Rasanya seperti ini. Sesak sekali. Altaria tahu tapi tetap saja ia merasa seperti dicekik. Tidak ada kah yang benar-benar tulus padanya?
Altaria menjerit keras saat suara pintu terdengar diketuk. Jeritannya berhenti, ia berbalik menatap pintu yang masih diketuk itu. Dengan suasana hati yang buruk Altaria membuka pintu dan siapa yang menyangka orang itu menyambanginya di sini, Altair.
Altaria menahan perasaan di dadanya dengan kuat, rahangnya mengetat, ia menatap pria itu dengan tajam. “Ada apa?”
Altaria dapat melihat ekspresi Altair yang seperti sedang menahan amarahnya. Altair mendorong pelan bahu putri sulungnya untuk masuk tidak lupa menutup pintu. Namun begitu berada di dalam tanpa disangkanya ia melihat kondisi ruang tamu yang hancur berantakan yang membuatnya langsung menatap Altaria
“Kamu baik-baik saja?”
Kening Altaria mengerut. “Langsung saja katakan tujuan Anda kemari.”
Ingatkan Altaria untuk membuat perhitungan pada Kendra karena keberadaannya diketahui.
Altair yang tadinya hendak marah kini mendesah pelan, ia menatap Altaria dengan sendu.
Kedua matanya meneliti Altaria dengan lekat. Kedua iris yang sama dengannya yang dulu menatapnya penuh kasih kini penuh dengan amarah, senyuman yang mirip dengannya yang dulunya sering tersenyum cerah kini enggan hadir untuknya. Dapat dilihatnya kedua mata anak gadisnya yang lelah dan banyak tekanan.
Putri sulungnya sudah dewasa dan mandiri. Ia baru menyadarinya, anak yang dulu sering diajaknya bermain, berkemah, melakukan semua hal yang diinginkannya kini menatapnya tidak bersahabat. Hubungannya dan Altaria sudah tidak sama sejak sepuluh tahun lalu. Tidak lagi hangat, tidak lagi berwarna, semuanya redup dan dingin.
“Kenapa kamu melakukan itu, Tira? Kamu tahu sendiri sepenting apa mereka untuk perusahaan kita.”
Altaria berdecak pelan. “Mereka itu cuma sampah. Untuk apa saya menyimpan sampah yang ada akan membusuk dan saya tidak suka itu.”

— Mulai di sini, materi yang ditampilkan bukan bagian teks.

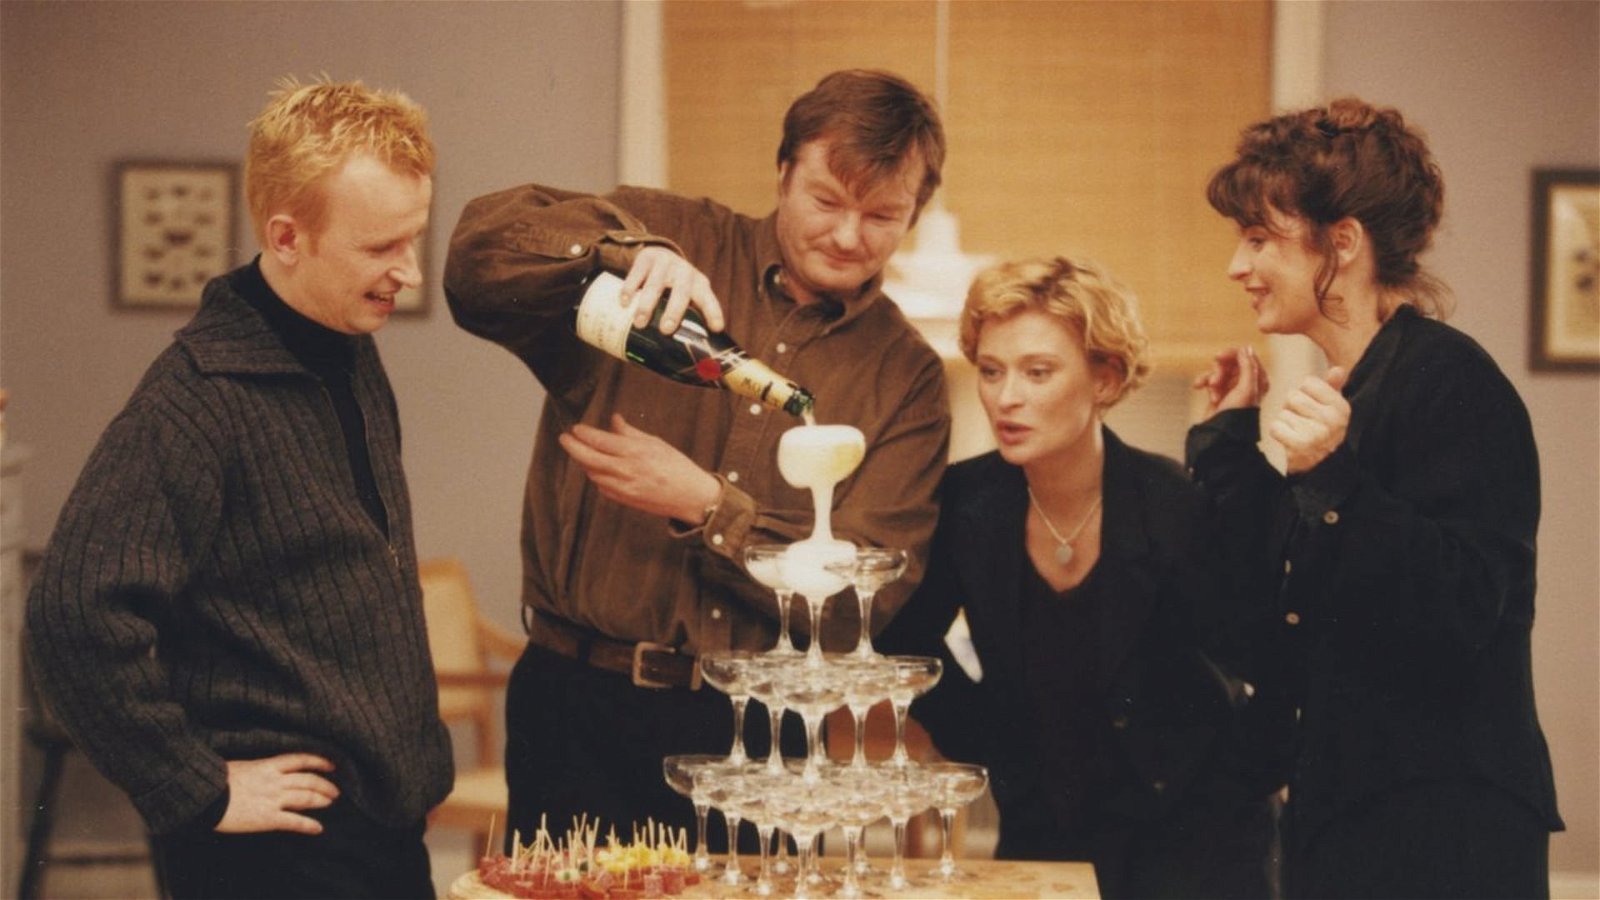 Ogifta par: ... en film som skiljer sig (1997) – svensk julfilm

“Tira, mereka sudah bekerja dengan Papa selama hampir dua puluh tahun dalam jatuh bangunnya perusahaan dan perusahaan tetap bertahan itu semua karna mereka.”
Altaria tersenyum miring. “Dengan cara kotor.”
Altair tidak membantah itu, tetapi orang-orang itulah yang sudah sangat setia padanya. “Tidak ada cara bersih dalam berbisnis, Tira, kamu tahu itu dengan jelas.”
“Saya sangat tahu, tapi tidak serendahan mereka. Saya tidak sudi bekerja dengan orang-orang rendahan, derajat saya tinggi,” katanya dengan tegas. Biarkan saja ia dikatakan sombong, karena memang kenyataannya posisinya berada di atas mereka.
“Kamu bisa dalam bahaya karna hal ini, Tira. Bukan hanya kamu tapi juga Mama dan Helva.”
“Saya sudah memperkirakannya dari jauh-jauh hari.”
Altair menghirup udara dengan pelan. “Baik, Papa tidak akan ikut campur. Kalau begitu sekarang katakan di mana Mama dan adikmu? Kemarin Papa ke rumah kamu tapi mereka tidak ada. Mereka di mana, Tira?”
Altaria tersenyum miring lalu tak lama kemudian tawa remeh mengalir darinya. Ia memandang Altair dengan kelit jenaka. “Sepeduli itu? Bullshit. Yang jelas saya sudah membawa Mama saya dan adik saya ke tempat yang aman dan tentunya tidak akan bisa Anda temukan,” katanya diakhiri dengan tatapan dingin.
Altair memandangi Altaria dengan lekat. “Bisa kamu berbicara sama Papa dengan baik? Papa masih orang tua kamu sebesar apa pun kesalahan Papa sama kamu yang bahkan Papa nggak tau apa itu.”
Tentu saja Altaria tertawa, ia tergelak keras sambil memegangi perutnya. Kening Altair mengerut melihat tawa putri sulungnya. Ia mempertanyakan adakah yang lucu dari perkataannya.
“Orang tua? Anda?” Altaria tertawa sambil bertepuk tangan keras. “Aduh.. Lucu sekali Anda.” Altaria mengusap air di sudut matanya lalu melayangkan tatapan mengejek pada sosok yang enggan diakuinya sebagai Ayahnya itu. “Bahkan Anda nggak tau kesalahan Anda itu apa.” Altaria mendesah kesal. Ia mengalihkan pandangannya pada ponselnya lalu dengan cepat mengetikkan pesan pada sekretarisnya. “Orang tua saya hanyalah Mama saya. Papa? Saya tidak pernah punya sejak sepuluh tahun lalu.”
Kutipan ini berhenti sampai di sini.